Spambots attacking my forum, need information on building a more secure system.

Welp, rather than making a gigantic explanation, here’s what’s basically happening:

Earlier this week I learned that Kemoy translates into “garbage” in Japanese, so I found a bunch of annoying little bots running roaming around the forums.
Any help on creating a more secure system? I’m trying to avoid activation quizzes as much as possible, but if I have to do so, then I will. And yes, I am using SMF.

Make a unique register form.
Since java-gaming is populair, an activation quiz is the last resort against these bots.
With some unknown site, you could make the register form as easy as “type the following word in the textbox” to stop these bots.

From most effective to less effective:

  1. Tell Google not to index your site (Easiest. Incredibly, incredibly effective)
  2. Manually activate each account and put them in different moderation groups if suspicious. (Very effective)
  3. Change your registration page name and make sure things like copyright notices won’t appear in search engines.
  4. Use a topic specific quiz. (Second easiest)
  5. Make website and signature inputs on registration hidden. Ban anyone that POSTs something for those inputs. (A honey pot)
  6. Refer to Stop Forum Spam.
  7. Use nofollow links.
  8. CAPTCHA (including generic quizzes)

Number 2 or 3 combined with another technique is much better than just 2 or 3.

Alright, I’ve turned off search engine indexing, and I’ve also turned on e-mail activation.

I forgot how god-awful the SMF defaults were.

There’s also useful plugins that block logins/posts/registrations from users without useragents, refer headers, proxy IPs and a few other obvious spam-bot differences.

But remember, nothing will stop someone legitimately signing up on your site, to then use an auto-posting spambot.
Even if you include CAPTCHAs, you can’t stop everything.

Generally it is better to reduce the value of spam on your site and put in a few obstacles to trip dumb spam bots than to try to profile bots. Anything you profile can be masked, even in the most extreme case by running your bot in a real browser or using a real person. No matter how good the profiling is, people will still find a way to spam your site if the benefits outweigh the cost. Since spamming can be highly distributed (to the point of using zombie computers), you can still get frequent spam even if you slow down individual users. You also run the risk of cutting out legitimate users with profiling. (Referral headers can be shut off in standard browsers, there are good reasons to use proxies, and you could have users using a client you do not recognize.) If you have other methods to regulate spam, then it is more likely that adding profiling will end up blocking Richard Stallman from your site than an extra spammer.

Human registration with automated posting is not much of a problem. Someone has to look at your site and judge that it is worth spamming first, which it probably won’t be if it takes work to register and it seems well moderated, since spam can be removed in bulk when you have user ids to match it.

Honeypotting is the only profiling method that can be made reliable for automatic banning, since certain actions won’t give you a false positive. (Someone POSTing to login.php instead of signin.html - Someone visiting a forbidden directory only listed in robots.txt - Someone filling in fields that don’t exist - etc.)

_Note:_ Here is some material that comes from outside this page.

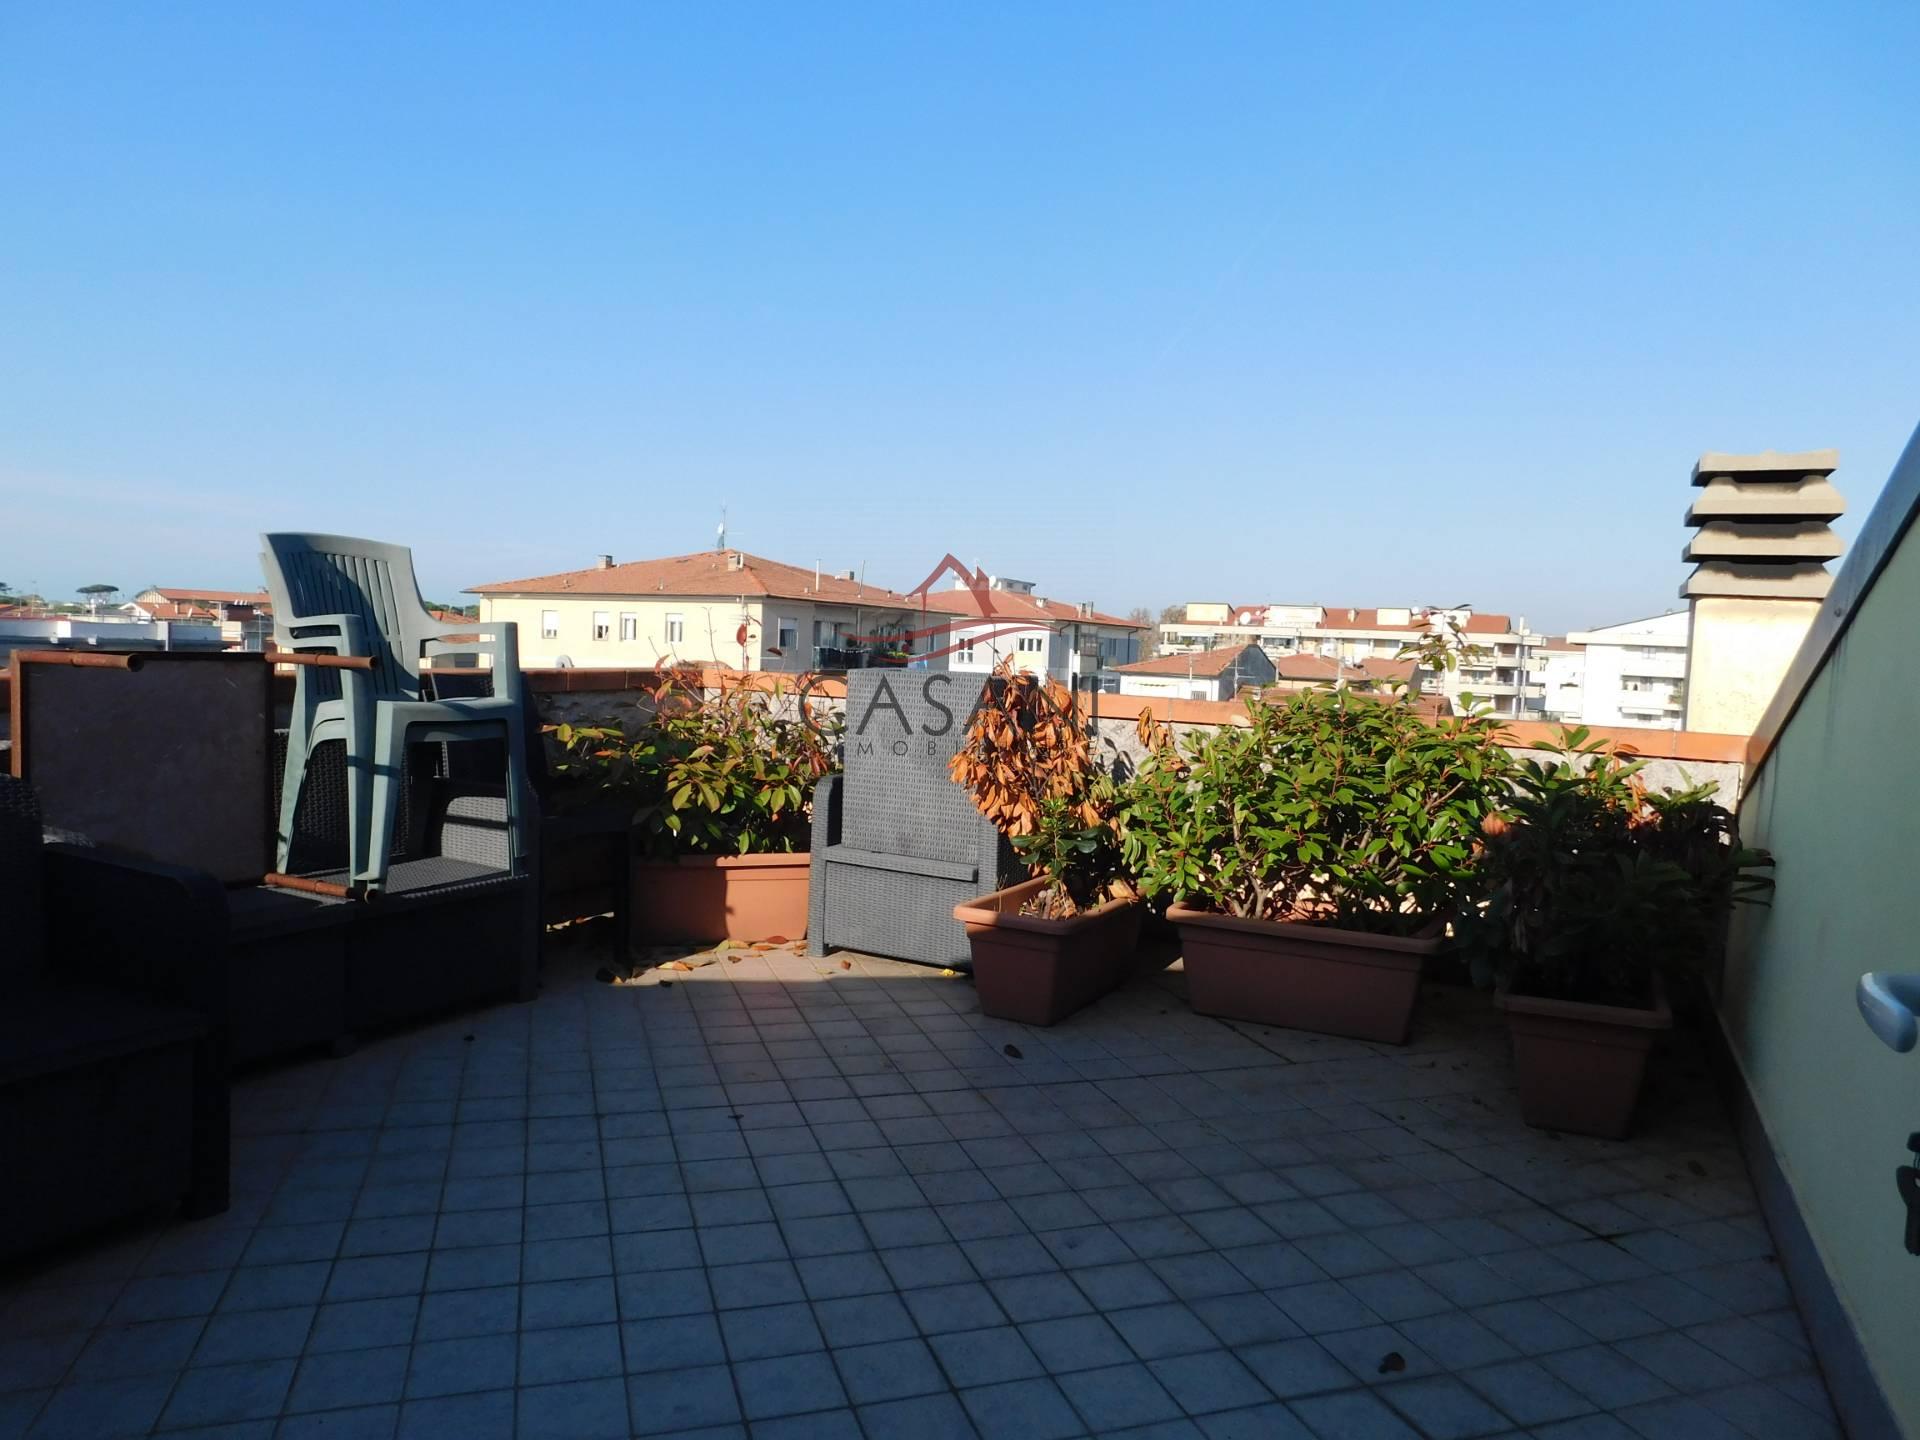 Appartamento in vendita a viareggio cod 46 - Bagno sole viareggio ...
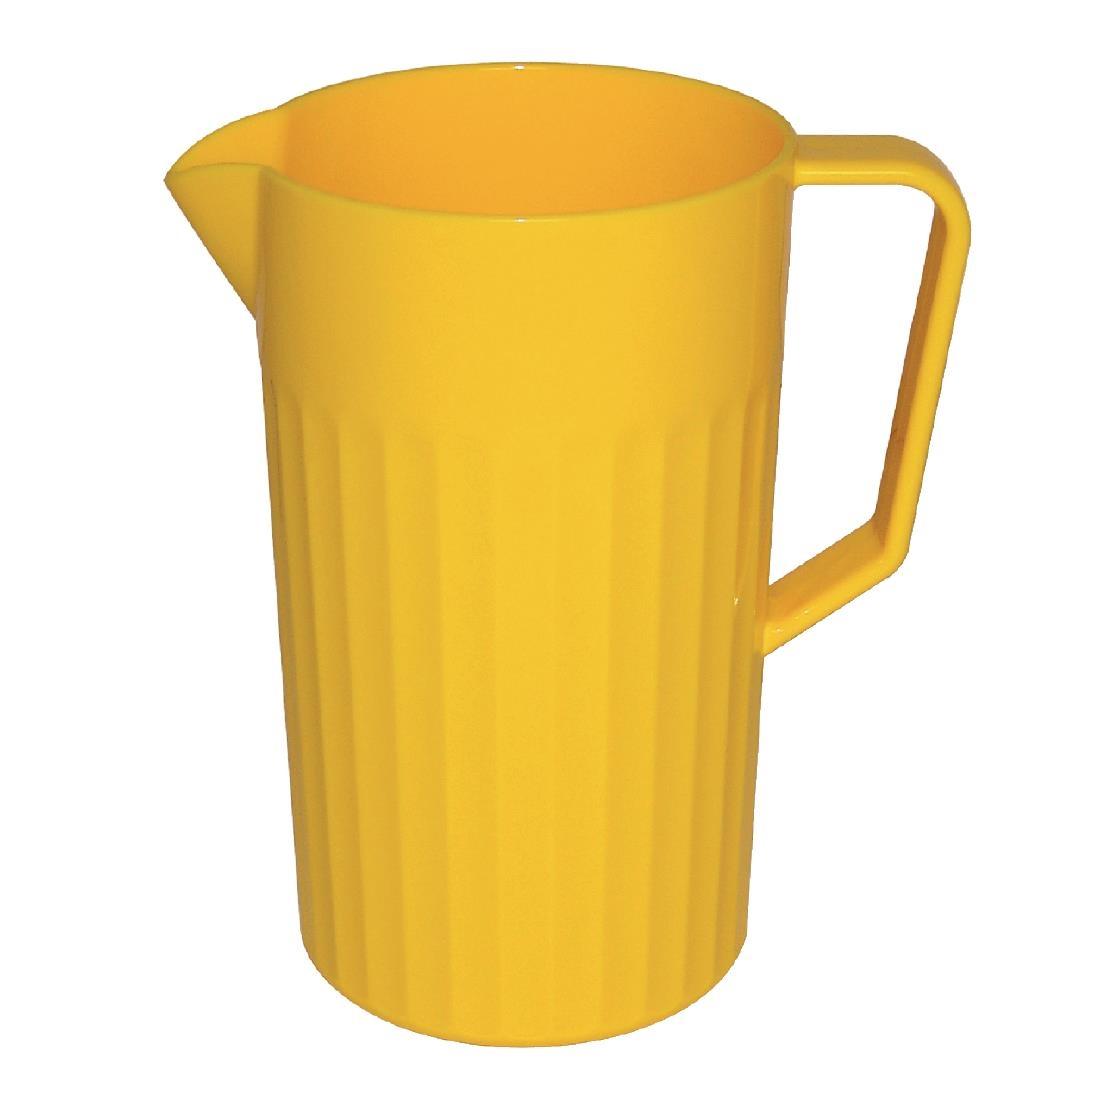 Jug - Yellow

Adding an e-mail confirmation helped a ton. Thanks a lot guys!

Its a trap!

Didn’t know that term. Highly interesting technique, thanks for making me aware of it.

I don’t understand this point.

Also, your usage of the term ‘honeypot’ seems a little different to mine. A honeypot (for me) is something masqerading as a normal server/site but is actually a fascade for the owner(s) to monitor/follow/log user activity…kinda like watching labs rats in a maze. I don’t see how this applies to securing forum software?

The goal of a honeypot is to profile connections with low false positive rates by catching someone in the act. Observation beyond that is of diminishing utility unless you use it as a source for a classification algorithm. The goal is to put your honeypot and service on the same site and banning bots caught by it.

If I have a PHPBB forum and I see clients submitting requests to index.php?action=register I know it came from an automated source. And if I see requests to ucp.php?mode=register when I use SMF I also know I have an automated attack. If I create a page called ucp.php for the sole purpose of detecting forum spam bots on a SMF site and generated temporary bans of those IP addresses, then that is a honeypot on a server which also contains a real service. You might also create a honeypot by telling robots to avoid a certain directory and logging IPs of clients deliberately disobeying robots.txt or by giving spam bots a spot to include a url (for their user profile) that will never by seen by people and logging attempts to jump the gun to post links on your site.

Since spam comes from two sources (automated drive by attacks which involve dumb robots and targeted attacks that involve human judgement) you need something to protect you from the dumb robots and something to signal your site is not worth the effort. Dumb robots use profile URLs as part of their strategy because it gets their URL on your page without them needing to trick spam filters that look at links in posts. If your site does not have a website profile field or you change its name and if a robot posts with the old parameter name anyway, you know it was a bot at can ban it at the time of registration. The honeypot is a single profile field that bots POST to by default even though you may still provide legitimate users a different way to designate their website.